*** Opening of DATA PROVIDED ***

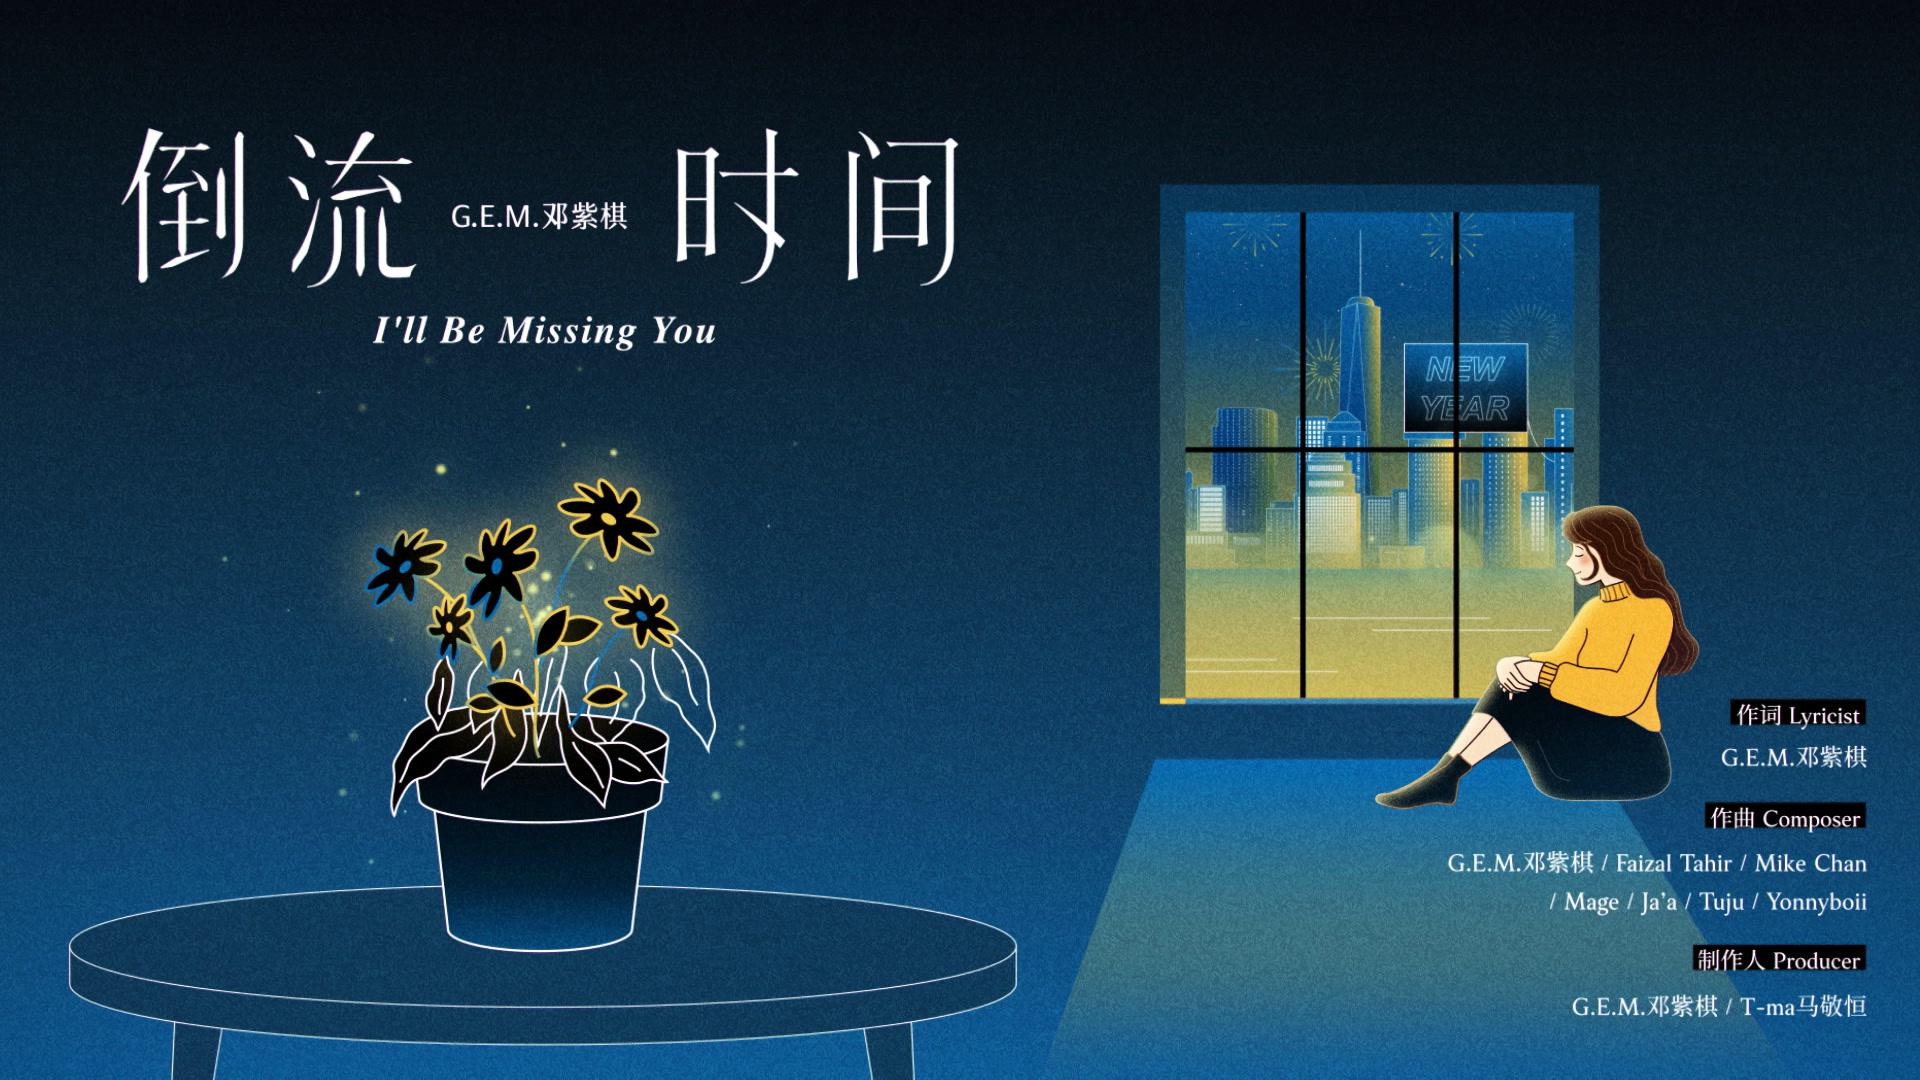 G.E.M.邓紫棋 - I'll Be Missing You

*** Close of DATA PROVIDED ***
*** Opening of DATA PROVIDED ***

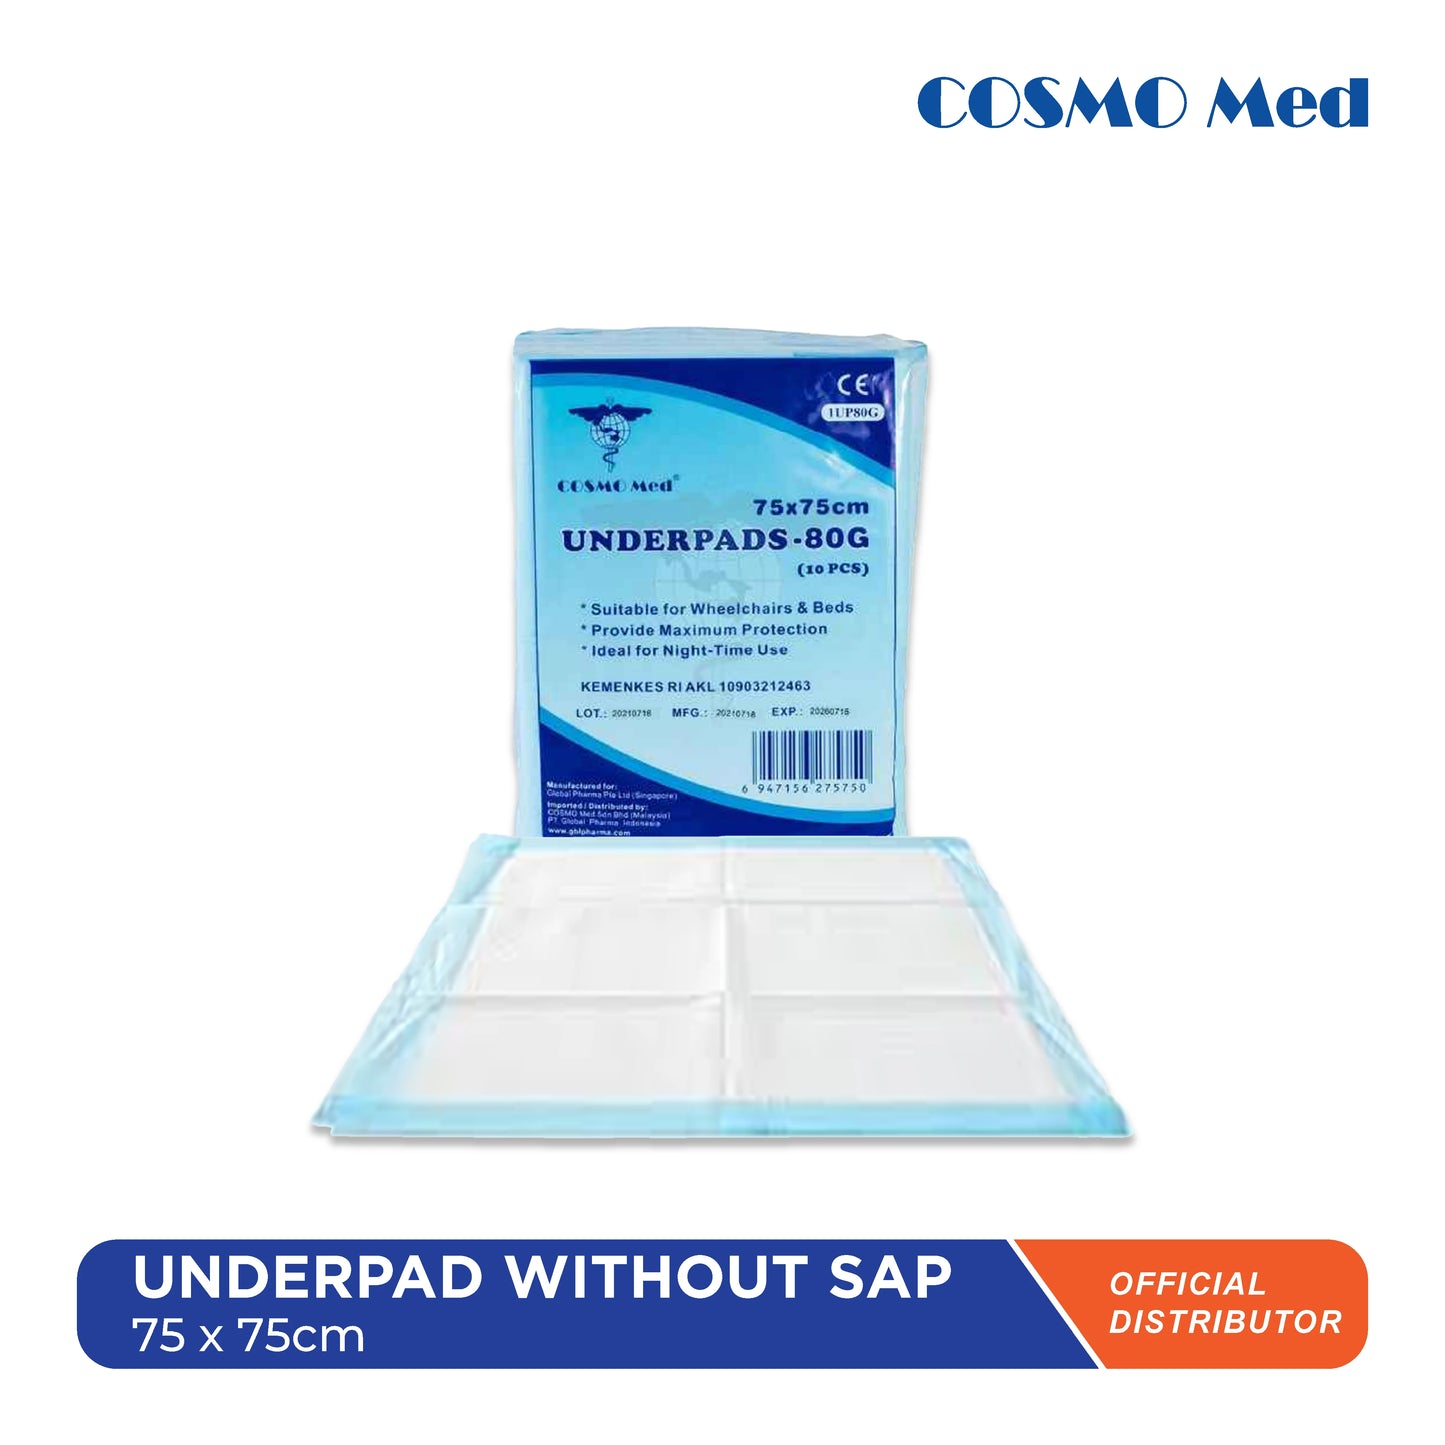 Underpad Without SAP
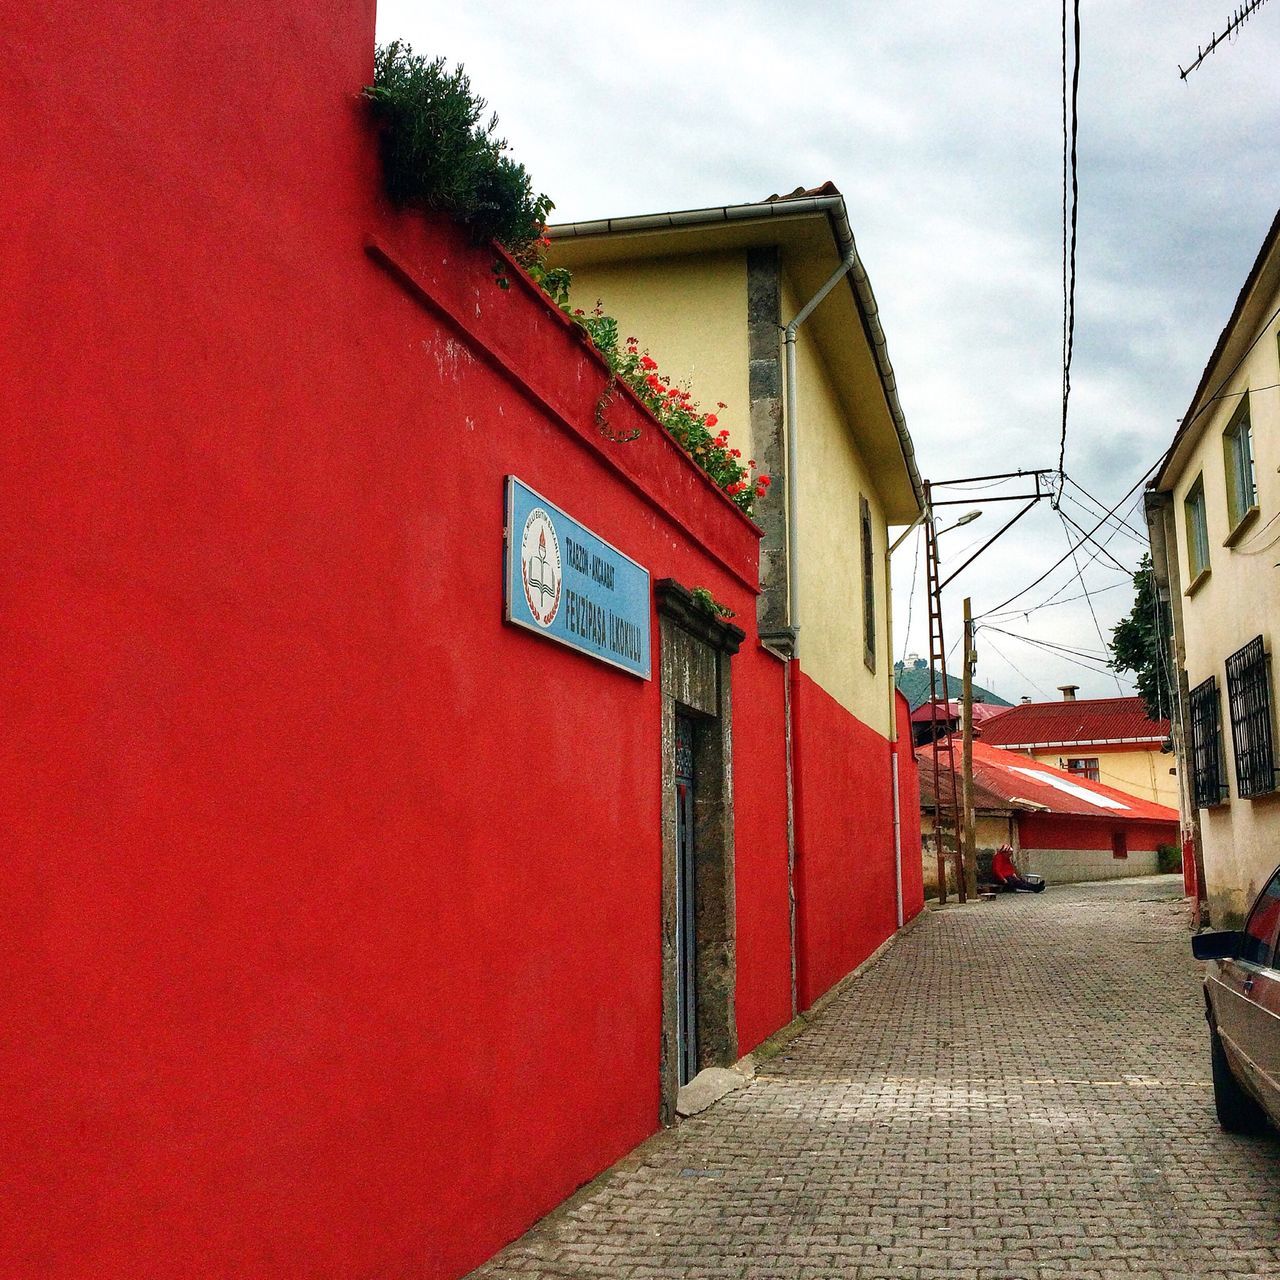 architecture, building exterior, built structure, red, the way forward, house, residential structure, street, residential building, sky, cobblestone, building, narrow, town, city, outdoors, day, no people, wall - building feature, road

*** Close of DATA PROVIDED ***

EXERCISE BRIEF: Only the lines above from the one containing "Underpad Without SAP" through the one containing "architecture, building exterior, built" should be returned, verbatim and inclusive, with pictures excluded.

EXERCISE OUTPUT:
 Underpad Without SAP
 architecture, building exterior, built structure, red, the way forward, house, residential structure, street, residential building, sky, cobblestone, building, narrow, town, city, outdoors, day, no people, wall - building feature, road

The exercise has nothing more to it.